GE> Then an empty generator could be written
GE> def g():
GE> don't yield None
def emptyGen():
if 0: yield None
--
Piet van Oostrum <pi...@cs.uu.nl>
URL: http://www.cs.uu.nl/~piet [PGP]
Private email: P.van....@hccnet.nl
> I have an idea: Suppose there were a "don't"
> statement that could be put in front of another
>...
> that would otherwise be required in a statement
> covered by a "don't", leaving just
>
> def g():
> don't yield
That would interact poorly with the other established constructs one would
expect to see in Pythoncal. What the hell does the compiler do with
def stupid():
don't come from beginning
? You can't call it Pythoncal if it can't "come from".

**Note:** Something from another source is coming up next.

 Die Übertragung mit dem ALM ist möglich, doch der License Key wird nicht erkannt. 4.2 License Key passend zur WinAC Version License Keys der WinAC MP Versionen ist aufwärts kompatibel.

Still, don't might be worth adding none the less...
don't try:
f = file("something", "w")
except exceptions.DidntTryNonError:
pass
A great way to comment out code that happened to be in a try construct in
the first place.
>> class emptyGenerator:
>> def __init__(self):
>> raise StopIteration()
>>
>> def emptyGen():
>> yield emptyGenerator()
Greg wrote:
> This is quite nice, but it's misnamed slightly.
> Something called xxxGenerator should be returning
> an iterator when you call it, but this isn't.

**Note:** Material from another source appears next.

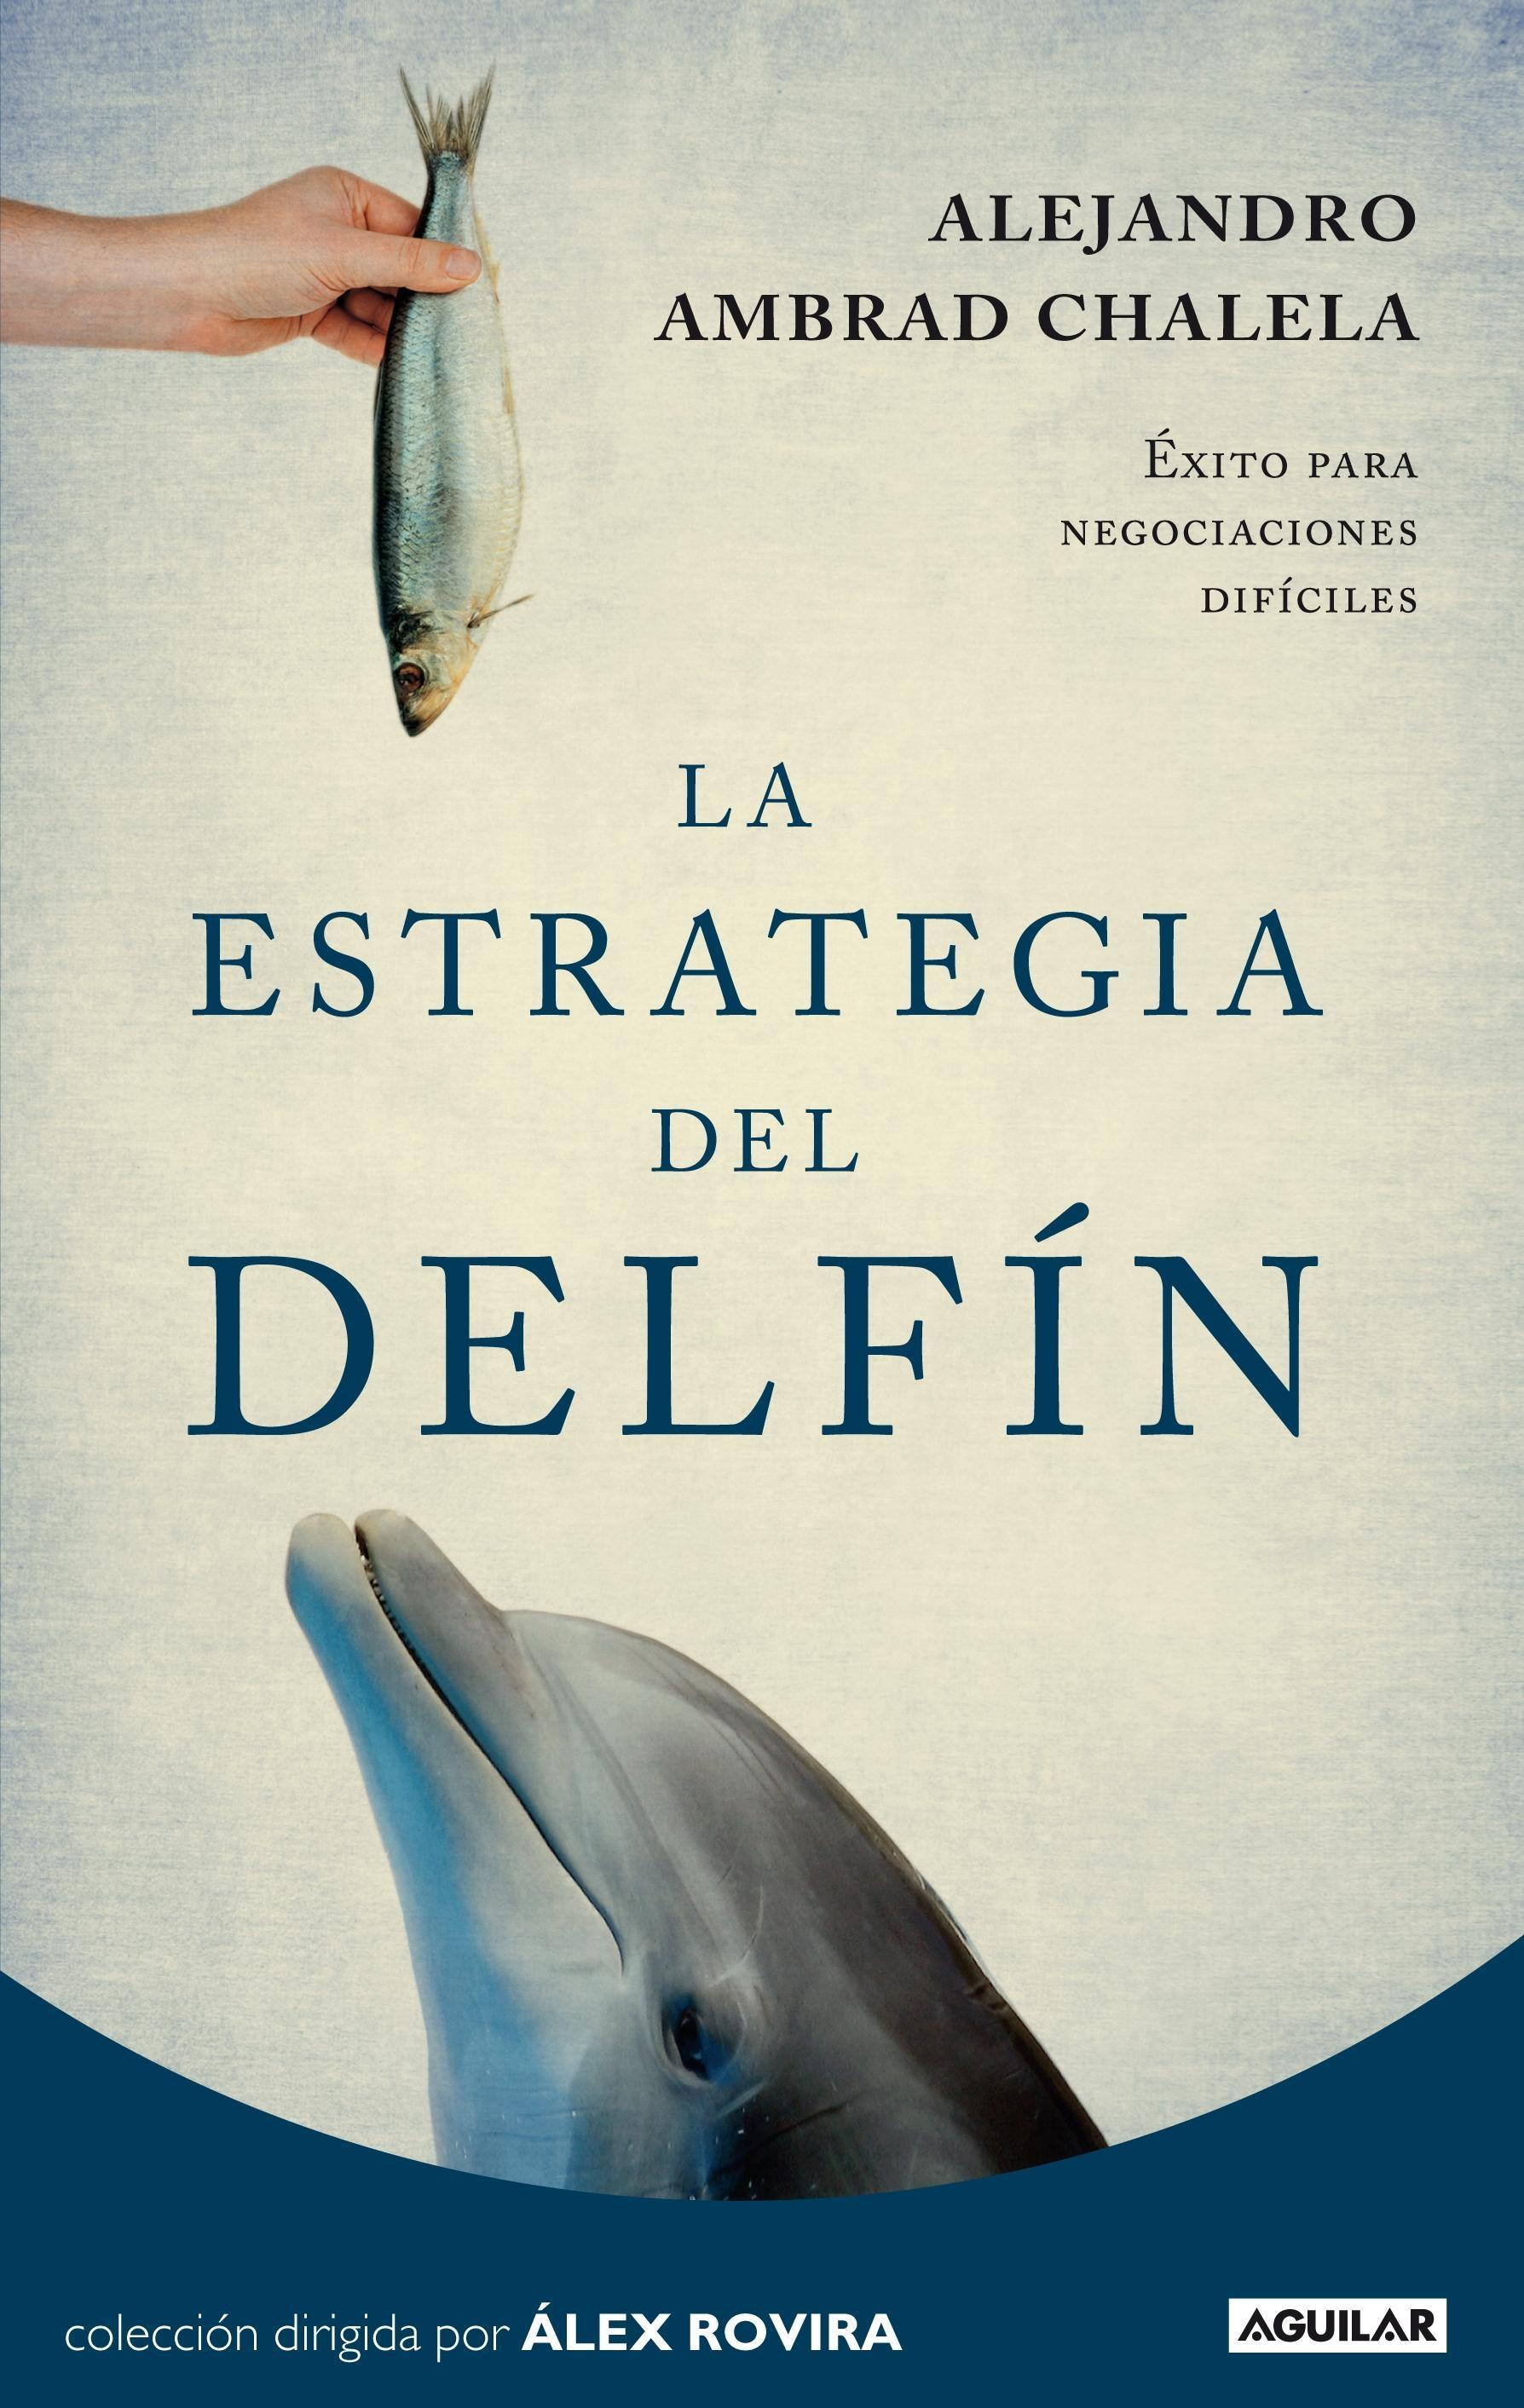 La estrategia del delfín "Éxito para negociaciones difíciles"

> It would be nicer if it were called Nothing.
> Then you could write
>
> def emptyGen():
> yield Nothing()
While I agree that it was badly named, on thinking further about it, I'm
not sure that "nothing" (i.e. "no thing") is the right name. The right
name is "no thingS". So that would be
class noThings:
def __init__(self):
raise StopIteration()
def emptyGen:
yield noThings()
hair-splitting-ly yrs :-)
> Still, don't might be worth adding none the less...
>
> don't try:
> f = file("something", "w")
> except exceptions.DidntTryNonError:
> pass
And of course it will be interesting deciding on
the semantics of
def f():
don't pass
In The Science of Programming, David Gries (possibly copying
predecessors) introduced the abort == don't pass statement. In
Python, assert 0 is perhaps closest.